Detailed Explanation
The formula is simple: Expectancy = (Win Rate × Average Win) — (Loss Rate × Average Loss). Positive expectancy means you expect to make money over a large enough sample of trades. Negative expectancy means you're losing money on average — possibly slowly, possibly quickly, but the direction is clear. Most retail traders have never calculated their actual expectancy, which is why they can't tell the difference between a rough patch and a broken system.
The power of expectancy is that it unites win rate and risk/reward into a single number. A 30% win rate with a 3:1 risk/reward ratio has positive expectancy. A 70% win rate with a 1:3 risk/reward ratio has negative expectancy. Neither metric alone is enough — you need both sides of the equation. This is why obsessing over win rate without equally tracking the size of wins and losses gives you an incomplete and often misleading picture of your performance.
Expectancy requires a meaningful sample size to be reliable.

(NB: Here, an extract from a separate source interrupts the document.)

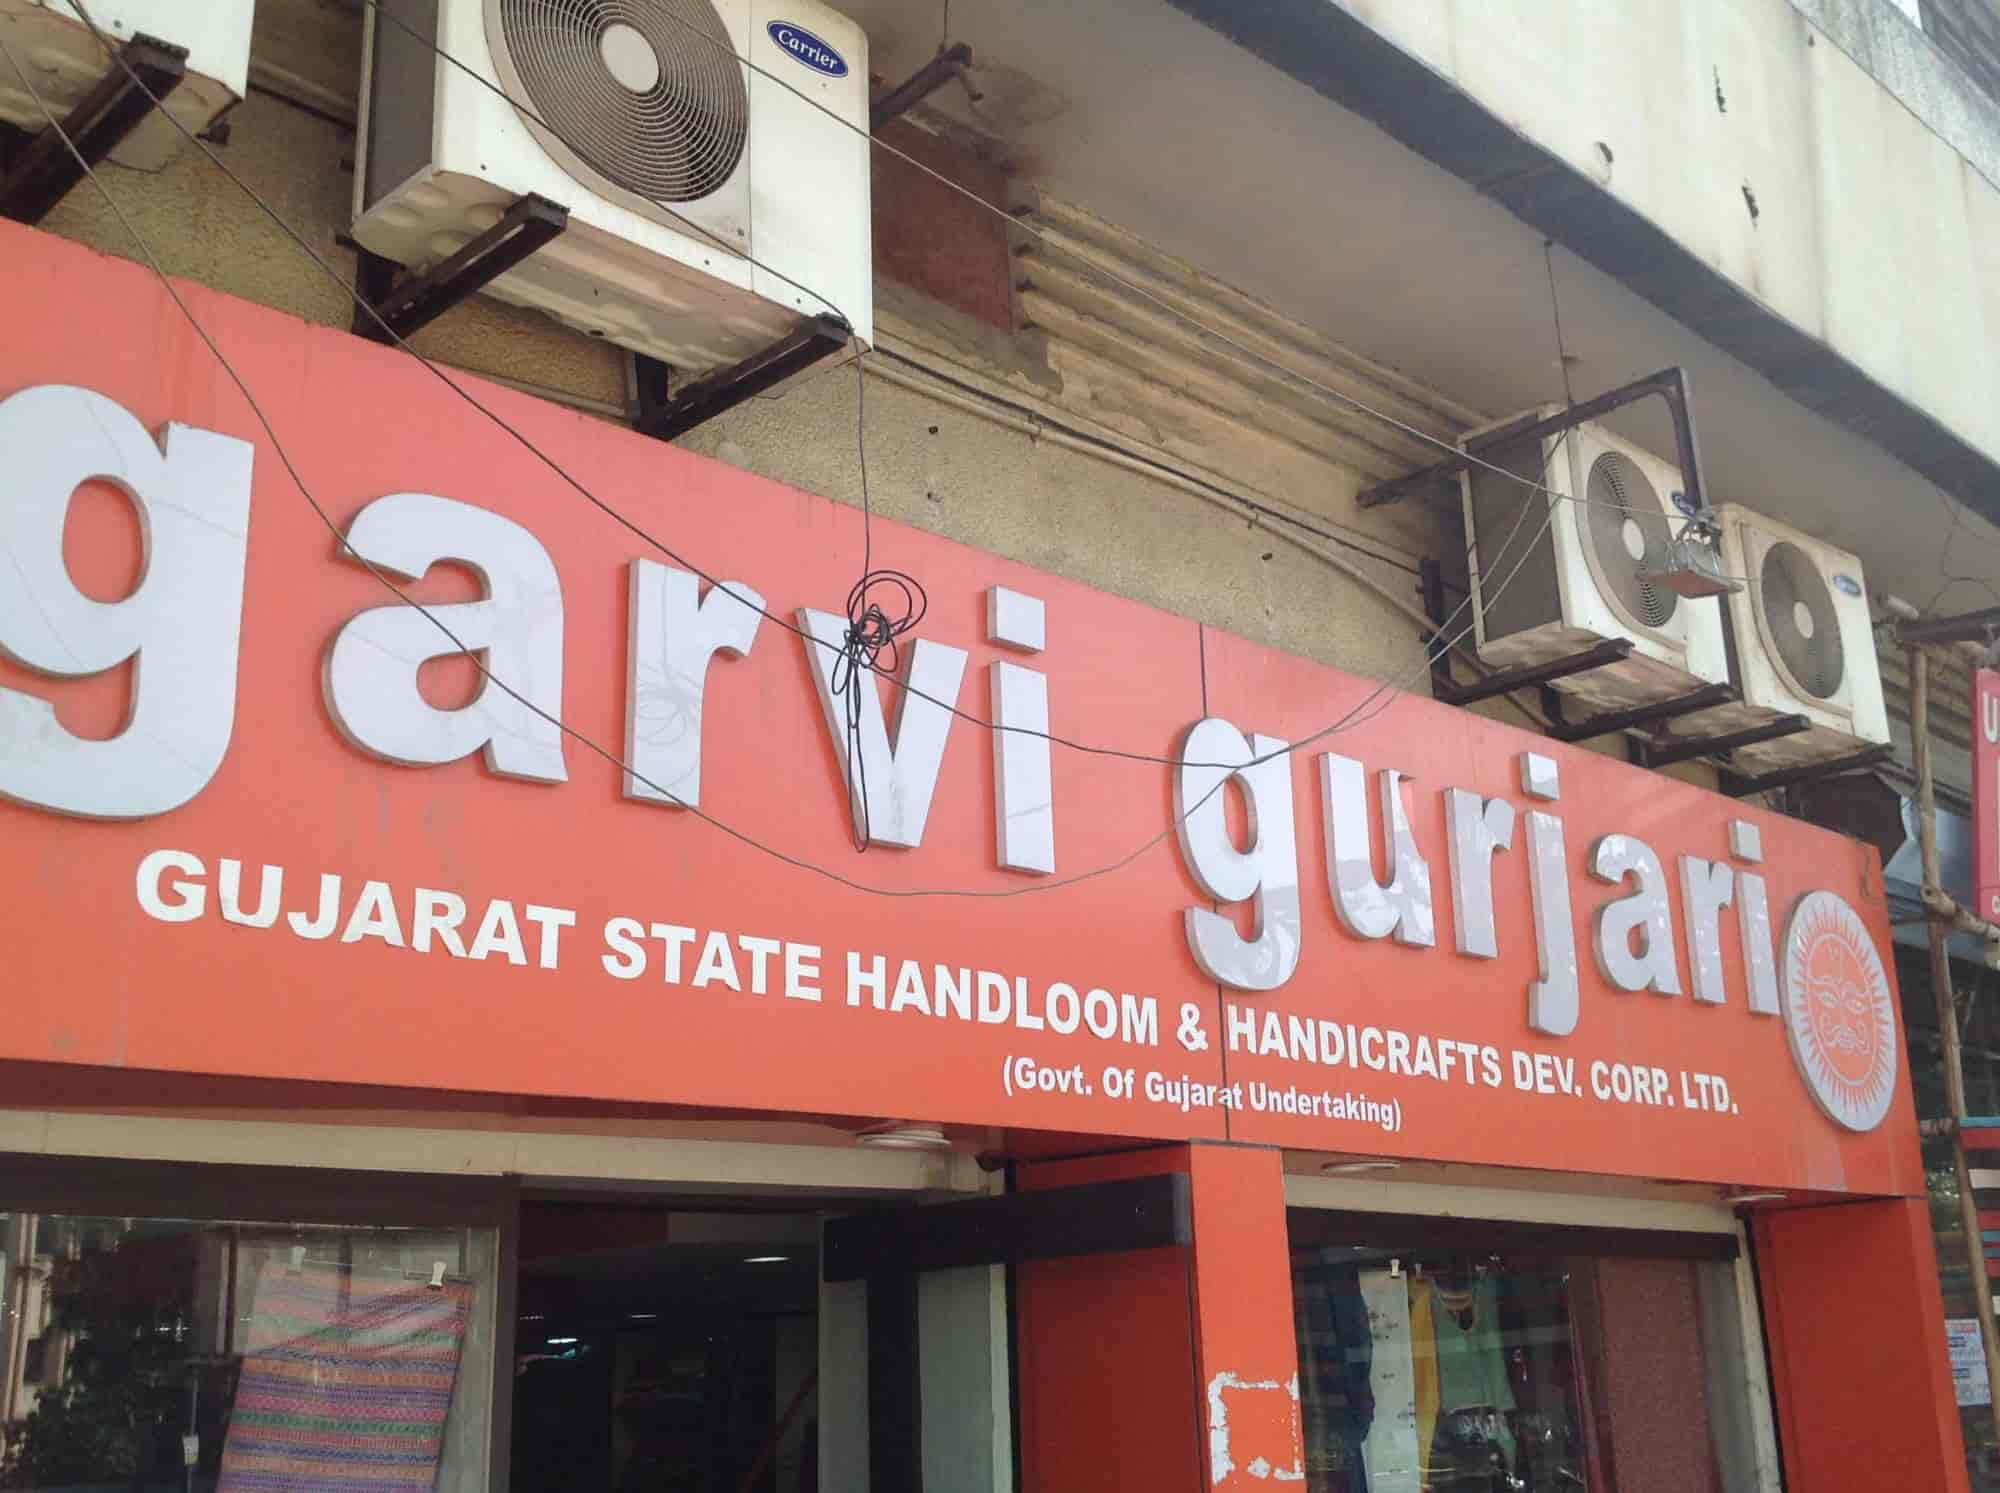 Gujarat State Handloom Handicraft Development Corporation Limited

Fifty trades is barely enough; 100-200 is more useful. Small samples can show positive expectancy through luck alone. If you're trading a new strategy, track expectancy across at least 50 trades before drawing conclusions. If it's negative after 50 trades, investigate whether the issue is setup selection, entries, exits, or sizing — all of which affect the numbers differently. This forensic approach to performance review is what separates serious traders from those who guess.